**Dataset content**
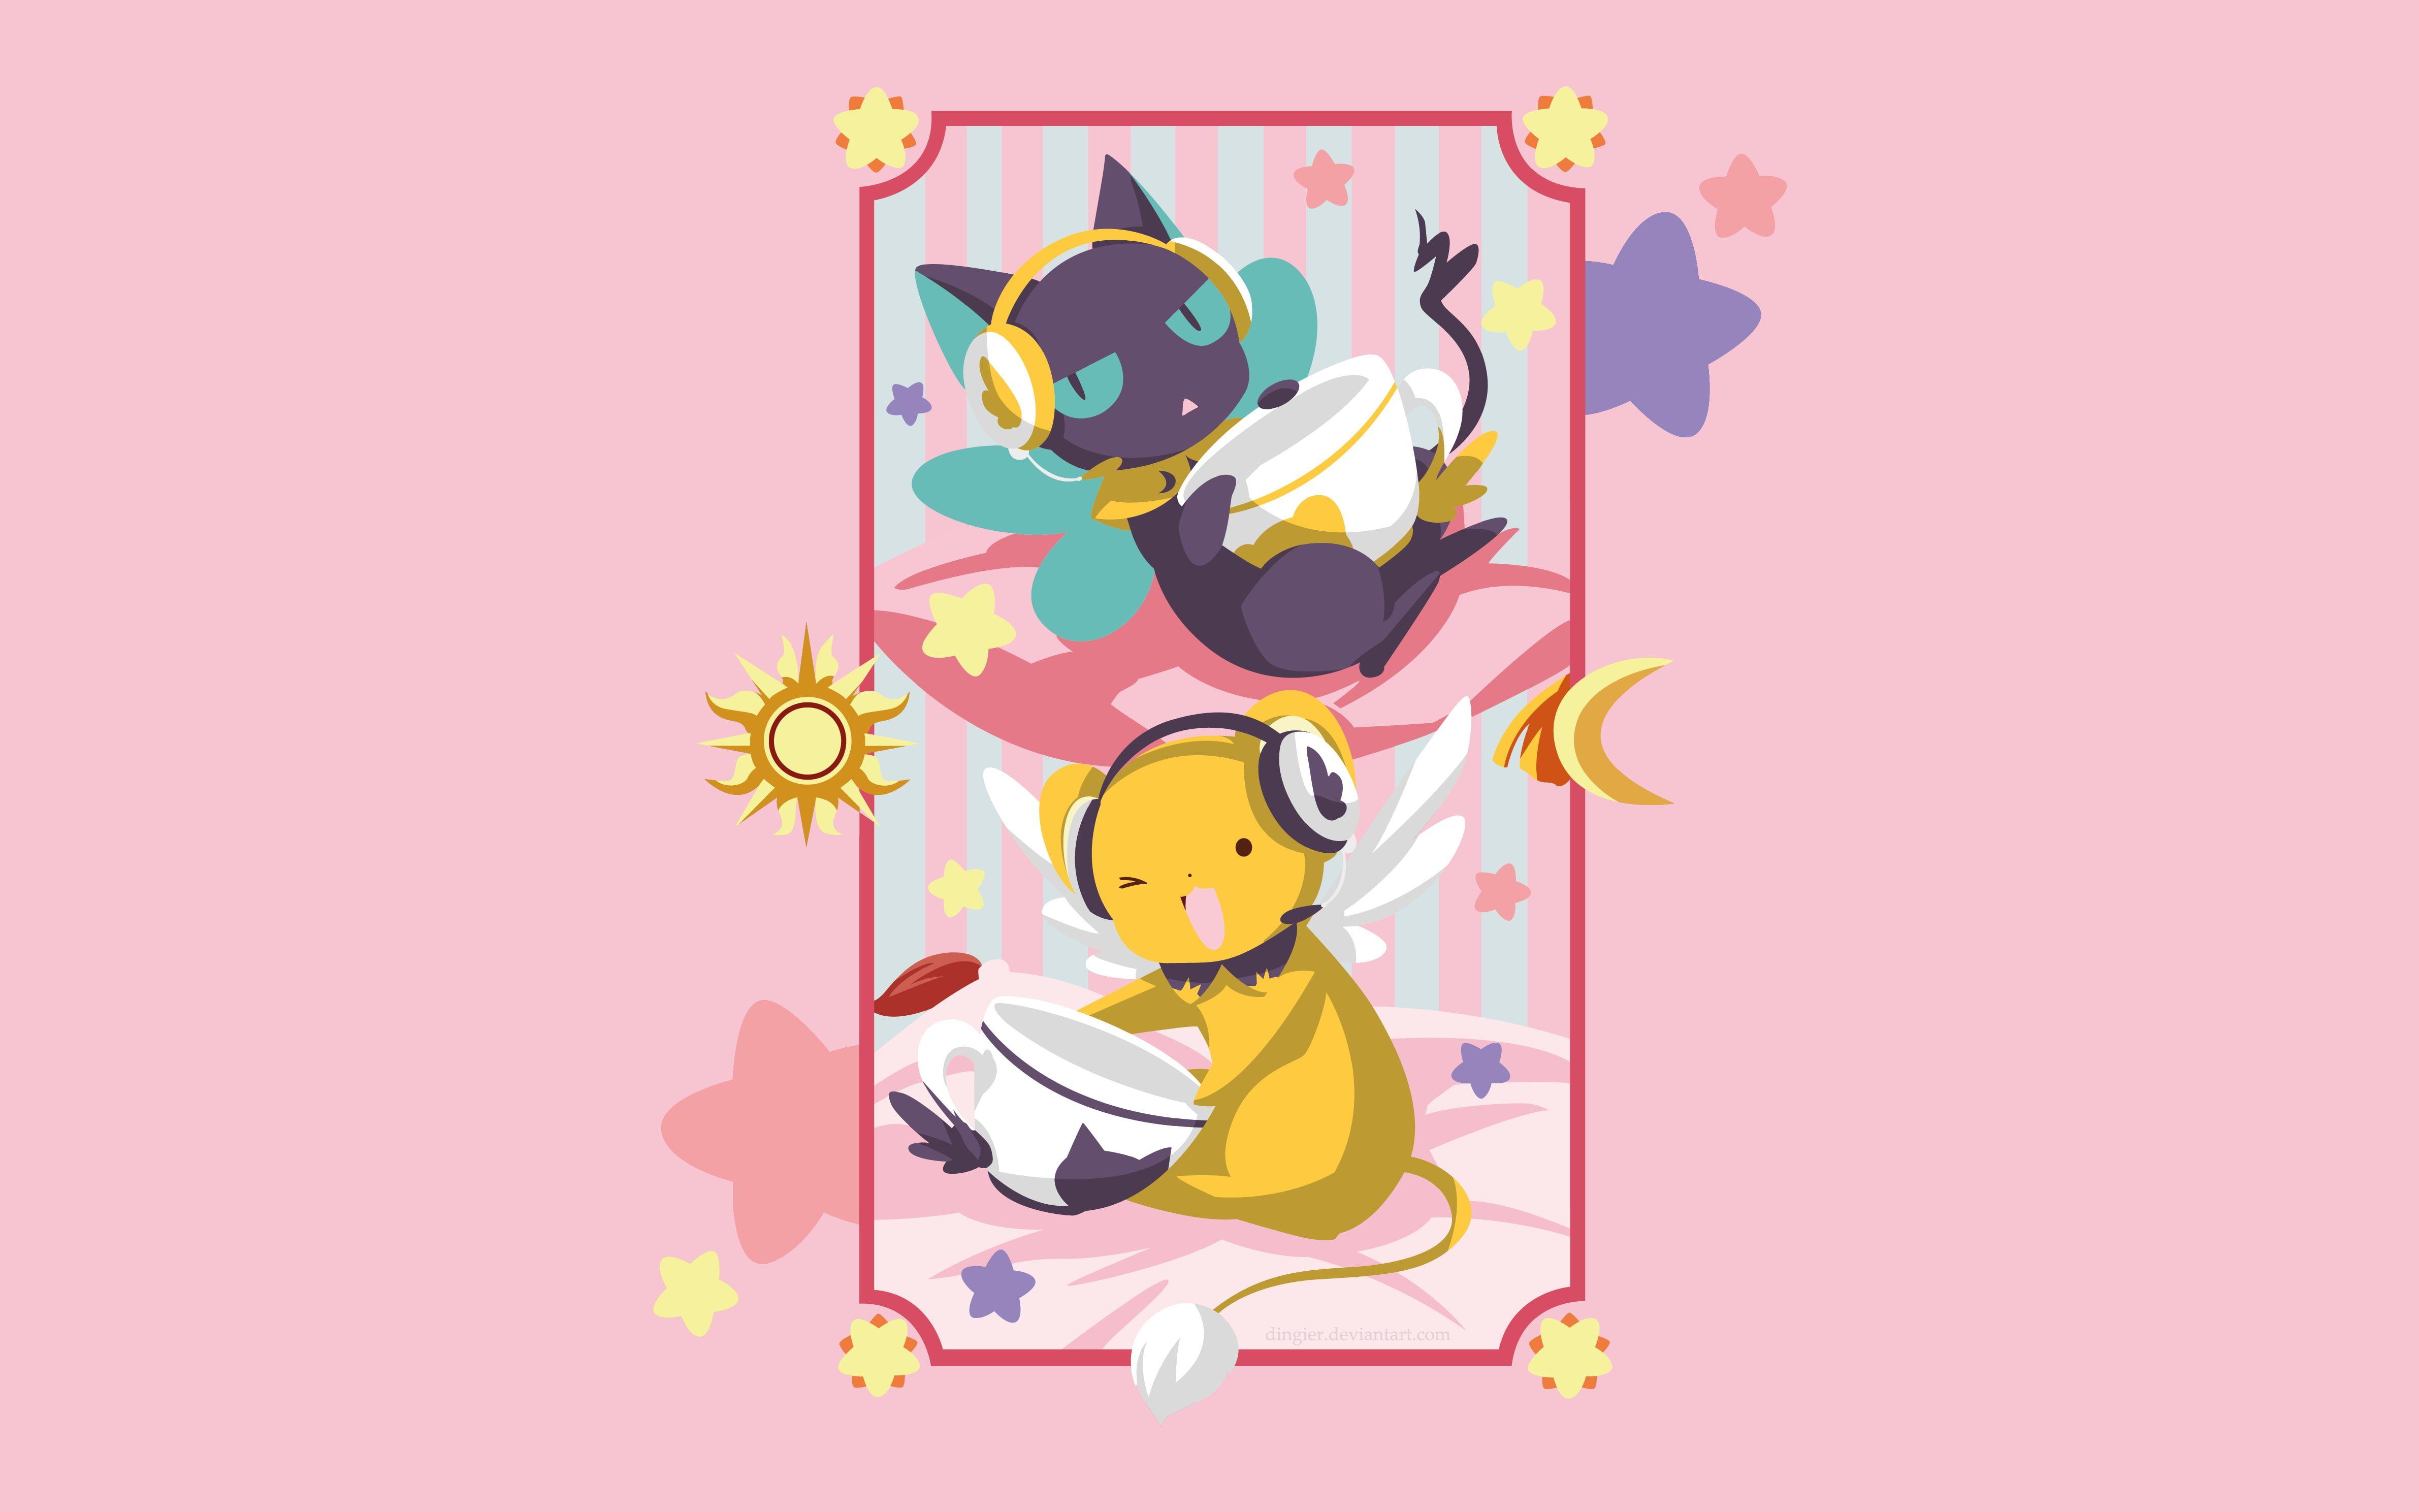 Anime Cardcaptor Sakura Cerberus Cardcaptor Sakura Spinel Sun 4k Wallpaper Hdwallpaper Desktop Character Wallpaper Cardcaptor Sakura Sakura Card
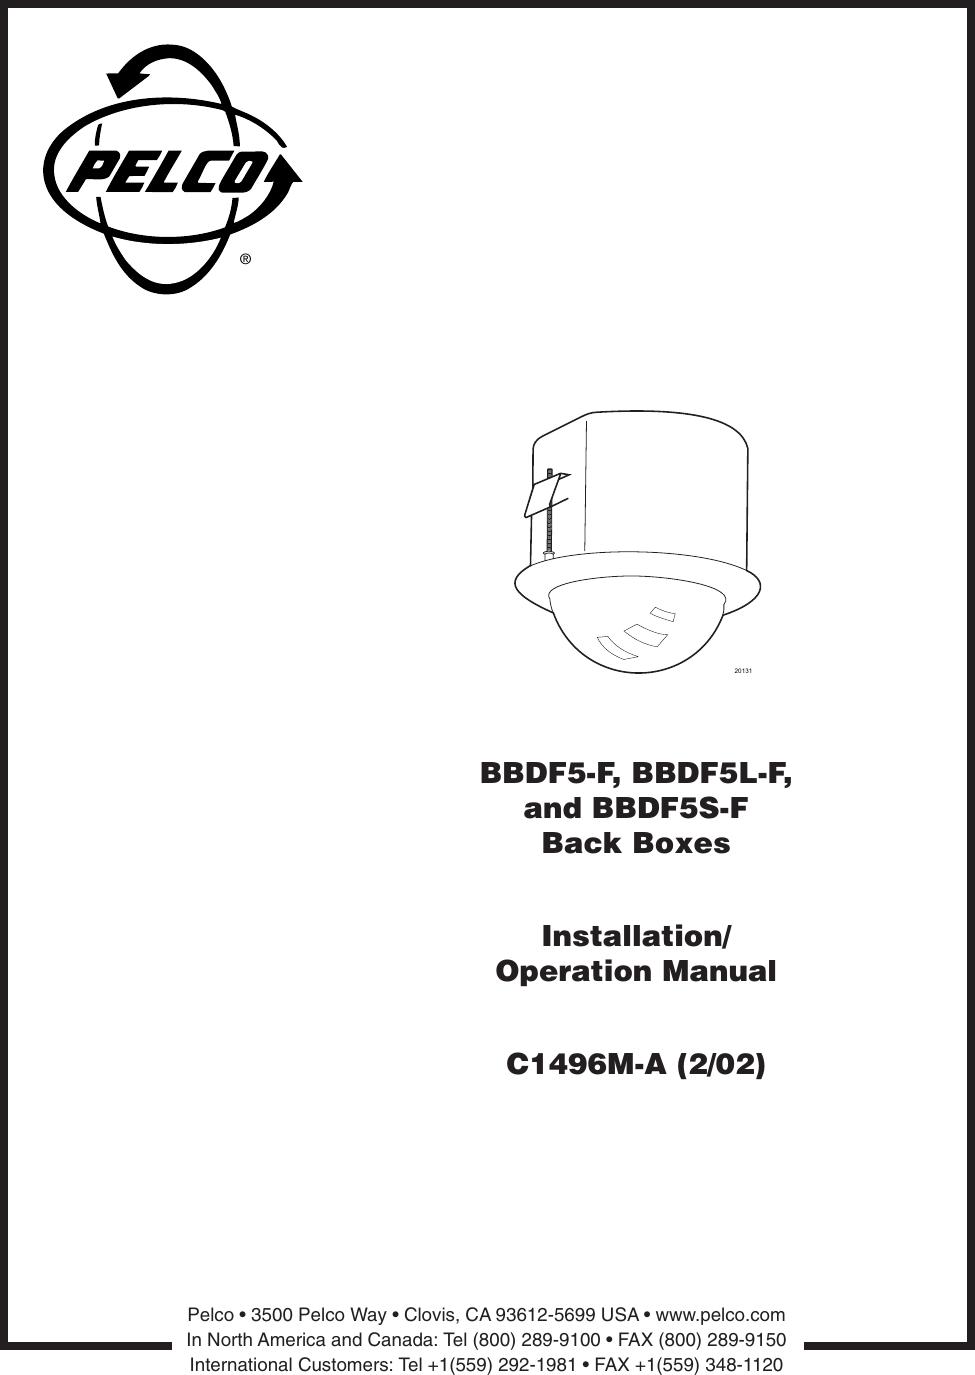 pelco security camera bbdf5l f users manual bbdf5 f_bbdf5l and bbdf5s dome  back boxes_manual
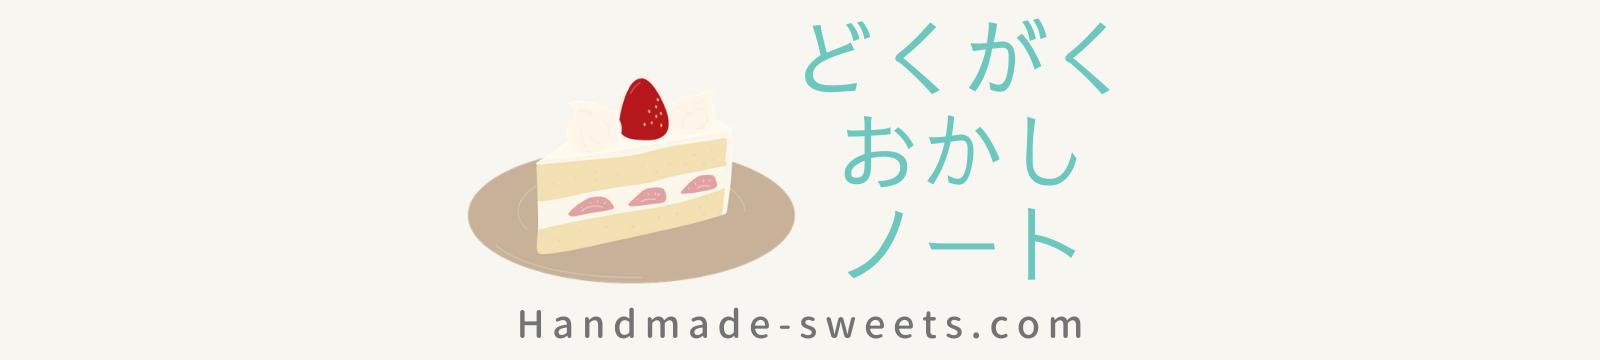 Handmade Sweets.com

**Assignment**
Working from the line containing "pelco security camera" to the last line of the data, retype every line exactly, both ends included, and leave out all pictures.

**Exercise result**
 pelco security camera bbdf5l f users manual bbdf5 f_bbdf5l and bbdf5s dome  back boxes_manual
 Handmade Sweets.com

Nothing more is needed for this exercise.